Been looking at TTS lately, the 08 onwards model.

So thought I would check you guys out, I'm assuming I need a certain number of posts before I can view the classifieds etc.

I have a lovely 2010 a3 quattro already, but fancy something a bit sportier

Cheers


----------



## Hoggy (May 8, 2002)

Hi, There is no post limit as it would encourage bumping etc.
Keep checking.
Click link for Market Place & PM info.
https://www.ttforum.co.uk/forum/viewtop ... 0&t=804241
Hoggy.


----------



## lukeyboi89 (Jun 12, 2011)

Thanks for the reply.

That thread doesn't suggest a time line, so it's a bit of guess work involved ha.

My account is years old but I've not really used it


----------



## Hoggy (May 8, 2002)

Hi, There are a couple in there but the posts are 9 months old so probably sold & posts not updated.
Check your access regularly :wink: 
Hoggy.


----------



## lukeyboi89 (Jun 12, 2011)

Cheers buddy,

I put a post up of my a3 in the other cars section if anyone cares


----------



## YELLOW_TT (Feb 25, 2004)

Welcome


----------



## lukeyboi89 (Jun 12, 2011)

Hi all,

You two seem to be the gurus around here, who's going to point me in the direction of a buyers guide / thinks to look out for on a mk2 TTS?

I'm aware of the cam follower needing changed regularly but there didn't seem to be much else coming up on Google.

Cheers


----------



## Hoggy (May 8, 2002)

Hi lukeyboi89,
My standard reply for would be MK2 owners
Common Mk2 probs, saggy leather seats, noisy/failing window regulators, knocking steering racks, bonnet opening lever snaps & poor connections to rear lights, making them dim or loss of lights.

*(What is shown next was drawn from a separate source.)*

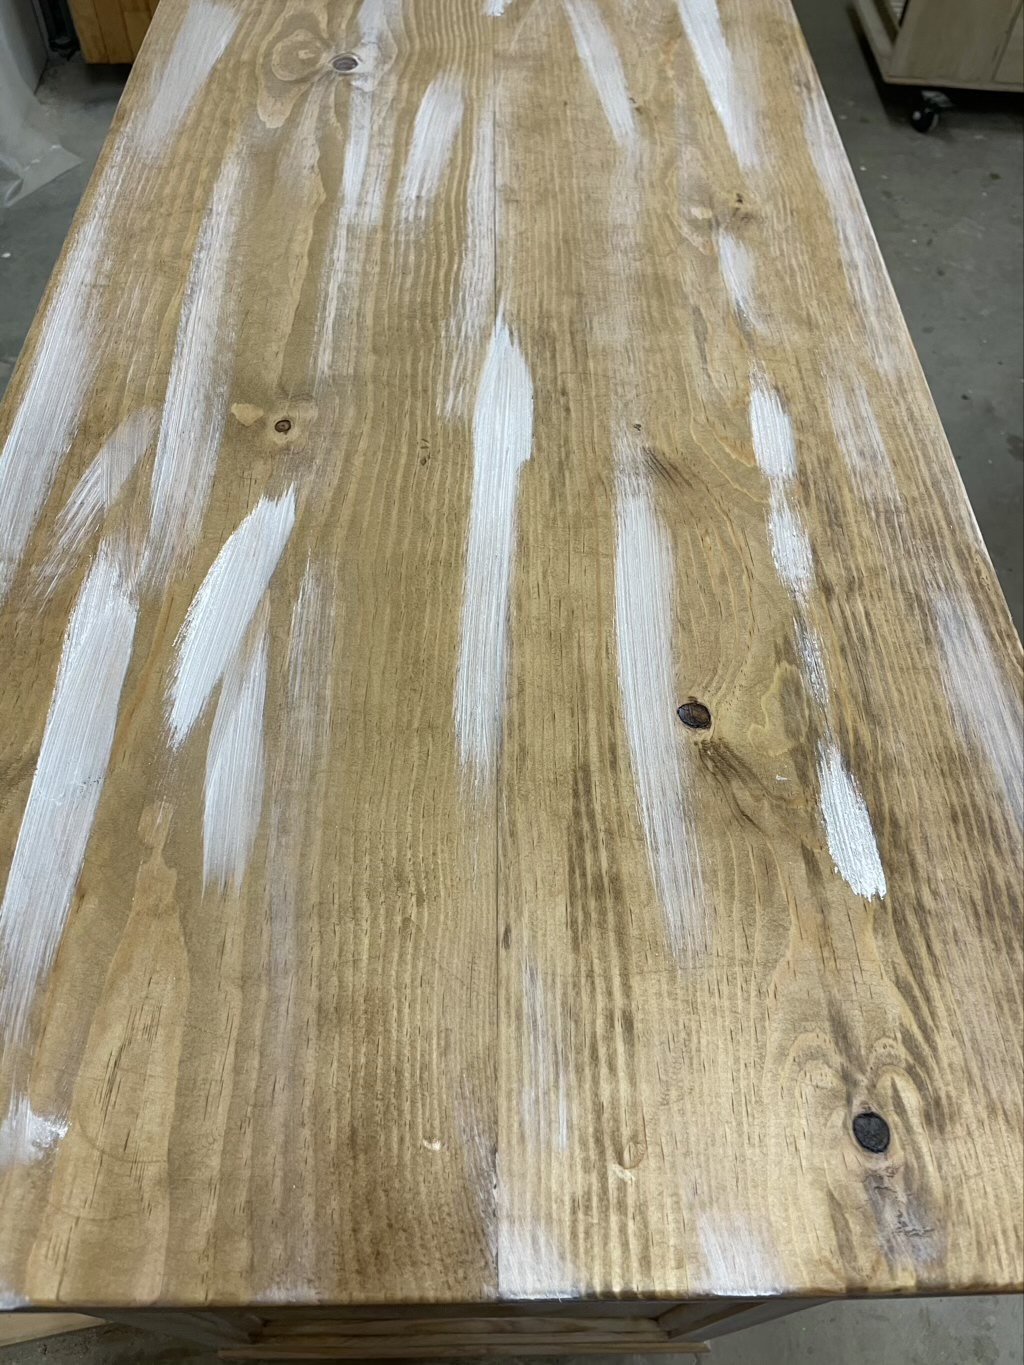 Dots and streaks of liming wax

DSG, Get it nice & hot, check there is no delay on pulling away & no juddering when traveling very slowly, reversing up an incline or pulling into parking spot etc. Expensive to repair, but probably no more than a manuals clutch.

Check thoroughly for any damp as drains block easily & any damp can cause future electrical prob.
There are many common places where water can get in & leaking windscreen seals are being reported recently.
Check the MK2 KB for water leak info.
Recent reports of rear chassis/floor corrosion, but that could just be that particular car.
Hoggy.


----------



## lukeyboi89 (Jun 12, 2011)

Hoggy said:


> Hi lukeyboi89,
> My standard reply for would be MK2 owners
> Common Mk2 probs, saggy leather seats, noisy/failing window regulators, knocking steering racks, bonnet opening lever snaps & poor connections to rear lights, making them dim or loss of lights.
> 
> ...


thats a great start thank you sir!

im not sure if the TTS specifically has any other issues than the cam follower i mentioned previously.

will do some digging around, thanks again


----------